I have a performance question about two bits of code. One is implemented in python and one in MATLAB. The code calculates the sample entropy of a time series (which sounds complicated but is basically a bunch of for loops).

I am running both implementations on relatively large time series (~95k+ samples) depending on the time series. The MATLAB implementation finishes the calculation in ~45 sec to 1 min. The python one basically never finishes. I threw tqdm over the python for loops and the upper loop was only moving at about ~1.85s/it which gives 50+ hours as a estimated completion time (I've let it run for 15+ mins and the iteration count was pretty consistent).

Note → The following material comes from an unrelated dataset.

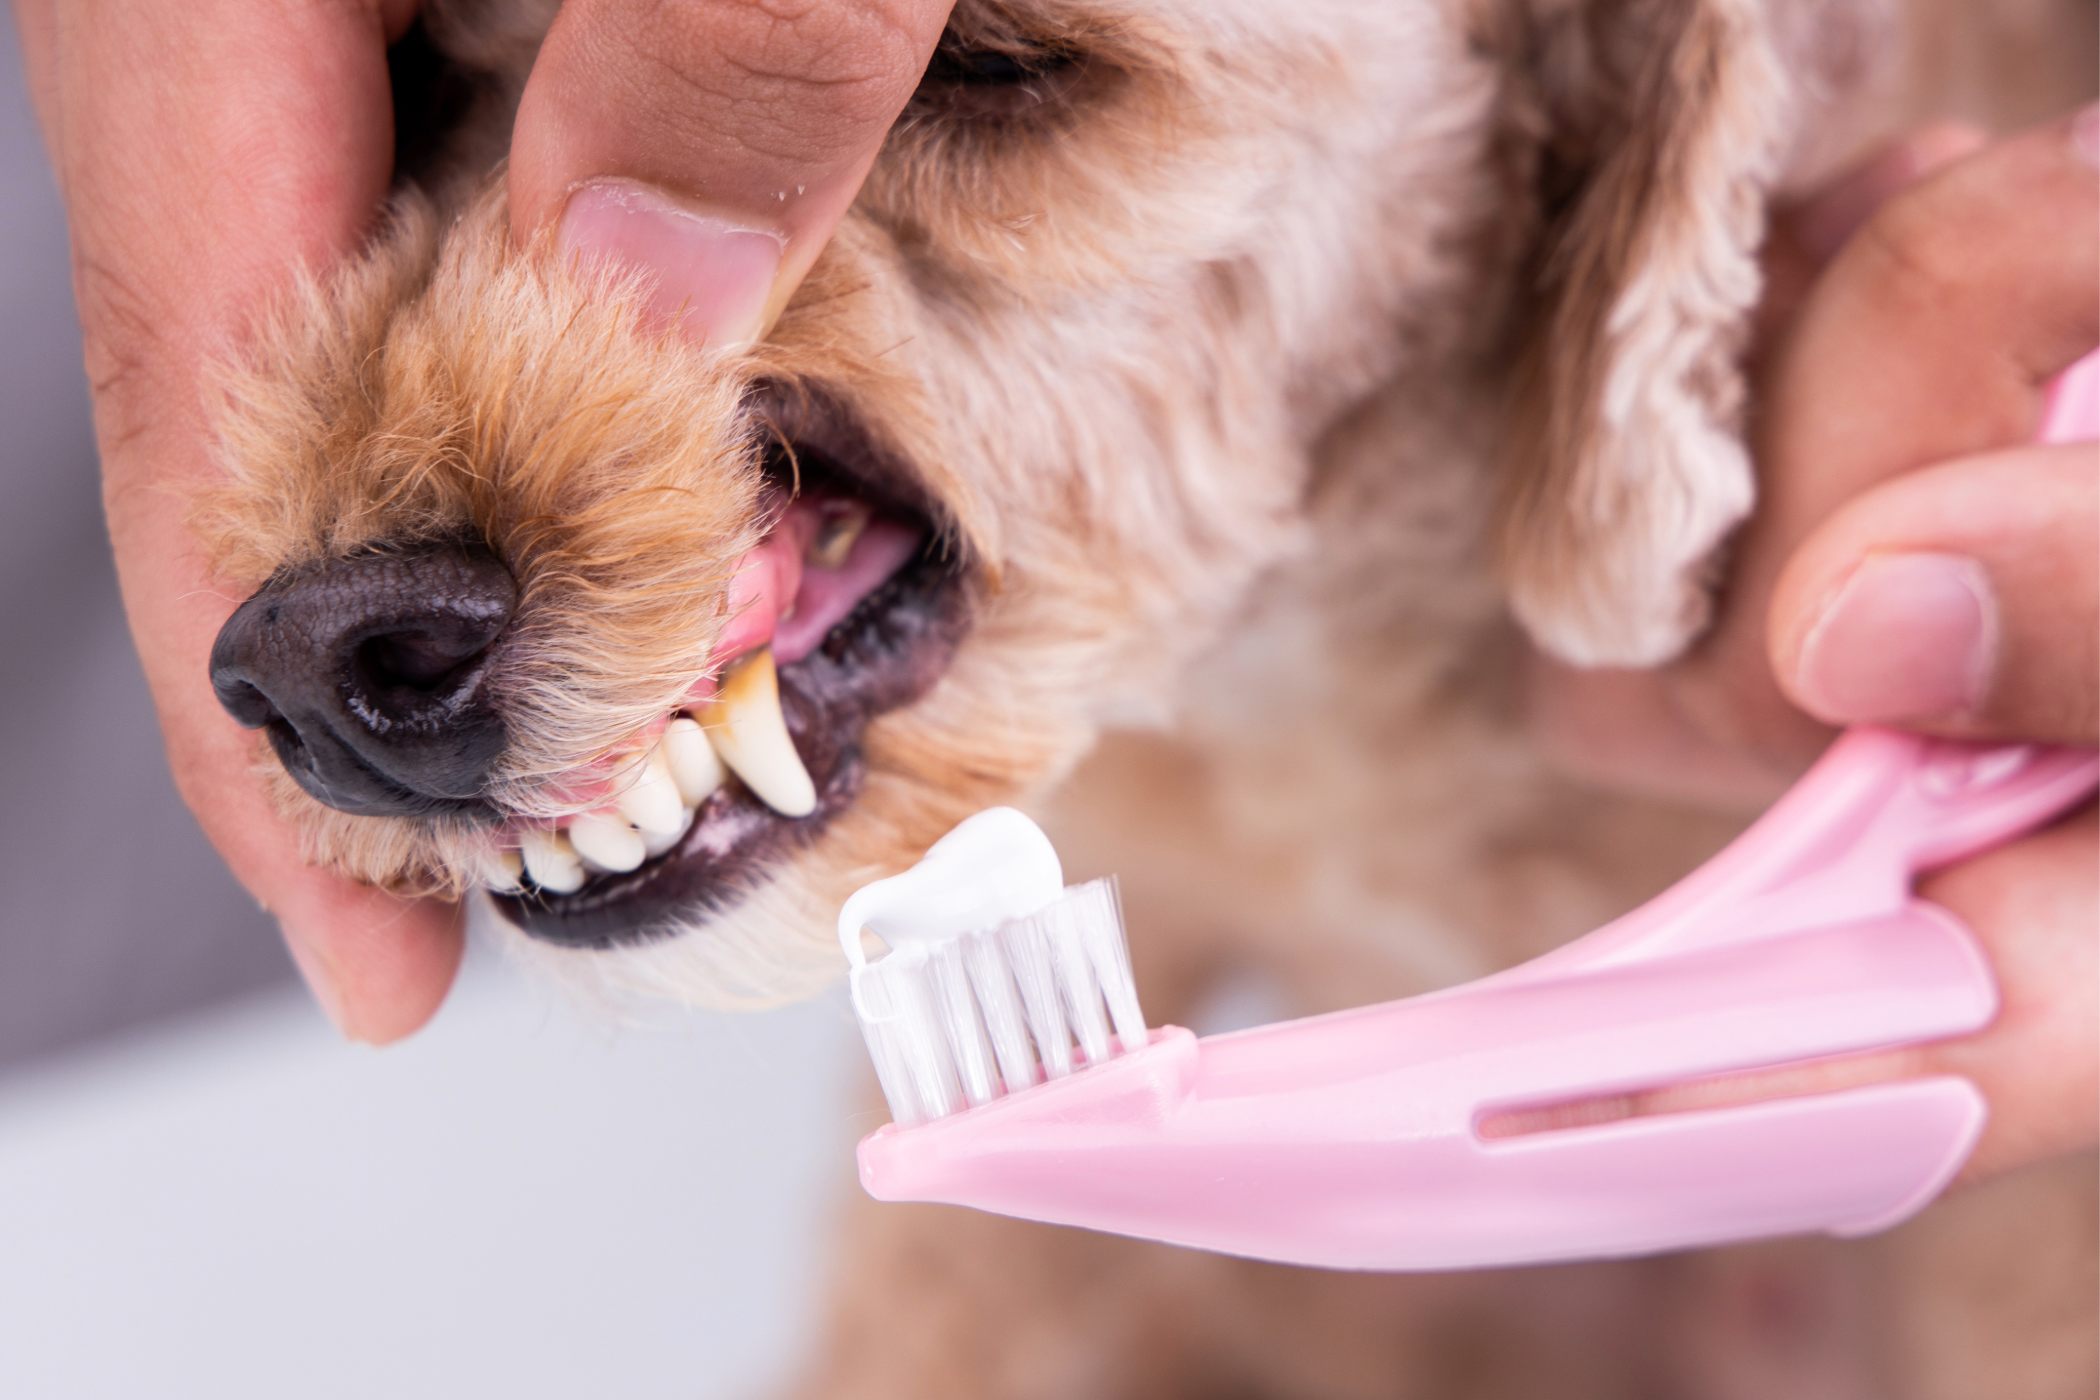 A person brushing their dog's teeth.

Example inputs and runtimes:

MATLAB (~ 52 sec):

a = rand(1, 95000)
sampenc(a, 4, 0.1 * std(a))

Python (currently 5 mins in with 49 hours estimated):

import numpy as np
a = np.random.rand(1, 95000)[0]
sample_entropy(a, 4, 0.1 * np.std(a))

Python Implementation:

# https://github.com/nikdon/pyEntropy
def sample_entropy(time_series, sample_length, tolerance=None):
    """Calculate and return Sample Entropy of the given time series.
    Distance between two vectors defined as Euclidean distance and can
    be changed in future releases
    Args:
        time_series: Vector or string of the sample data
        sample_length: Number of sequential points of the time series
        tolerance: Tolerance (default = 0.1...0.2 * std(time_series))
    Returns:
        Vector containing Sample Entropy (float)
    References:
        [1] http://en.wikipedia.org/wiki/Sample_Entropy
        [2] http://physionet.incor.usp.br/physiotools/sampen/
        [3] Madalena Costa, Ary Goldberger, CK Peng. Multiscale entropy analysis
            of biological signals
    """
    if tolerance is None:
        tolerance = 0.1 * np.std(time_series)

    n = len(time_series)
    prev = np.zeros(n)
    curr = np.zeros(n)
    A = np.zeros((sample_length, 1))  # number of matches for m = [1,...,template_length - 1]
    B = np.zeros((sample_length, 1))  # number of matches for m = [1,...,template_length]

    for i in range(n - 1):
        nj = n - i - 1
        ts1 = time_series[i]
        for jj in range(nj):
            j = jj + i + 1
            if abs(time_series[j] - ts1) < tolerance:  # distance between two vectors
                curr[jj] = prev[jj] + 1
                temp_ts_length = min(sample_length, curr[jj])
                for m in range(int(temp_ts_length)):
                    A[m] += 1
                    if j < n - 1:
                        B[m] += 1
            else:
                curr[jj] = 0
        for j in range(nj):
            prev[j] = curr[j]

    N = n * (n - 1) / 2
    B = np.vstack(([N], B[:sample_length - 1]))
    similarity_ratio = A / B
    se = - np.log(similarity_ratio)
    se = np.reshape(se, -1)
    return se

MATLAB Implementation:

function [e,A,B]=sampenc(y,M,r);
%function [e,A,B]=sampenc(y,M,r);
%
%Input
%
%y input data
%M maximum template length
%r matching tolerance
%
%Output
%
%e sample entropy estimates for m=0,1,...,M-1
%A number of matches for m=1,...,M
%B number of matches for m=0,...,M-1 excluding last point

n=length(y);
lastrun=zeros(1,n);
run=zeros(1,n);
A=zeros(M,1);
B=zeros(M,1);
p=zeros(M,1);
e=zeros(M,1);

for i=1:(n-1)
   nj=n-i;
   y1=y(i);
   for jj=1:nj
      j=jj+i;      
      if abs(y(j)-y1)<r
         run(jj)=lastrun(jj)+1;
         M1=min(M,run(jj));
         for m=1:M1           
            A(m)=A(m)+1;
            if j<n
               B(m)=B(m)+1;
            end            
         end
      else
         run(jj)=0;
      end      
   end
   for j=1:nj
      lastrun(j)=run(j);
   end
end
N=n*(n-1)/2;
B=[N;B(1:(M-1))];
p=A./B;
e=-log(p);

I've also tried a few other python implementations and all of them have the same slow result: vectorized-sample-entropy

sampen

sampen2.py

Wikipedia sample entropy implementation

I don't think computer issue as it runs relativity fast in MATLAB.

As far as I can tell, implementation-wise both sets of code are the same. I have no idea why the python implementations are so slow. I would understand a difference of a few seconds but not such a large discrepancy. Let me know your thoughts on why this is or suggestions on how to improve the python versions.

BTW: I'm using Python 3.6.5 with numpy 1.14.5 and MATLAB R2018a.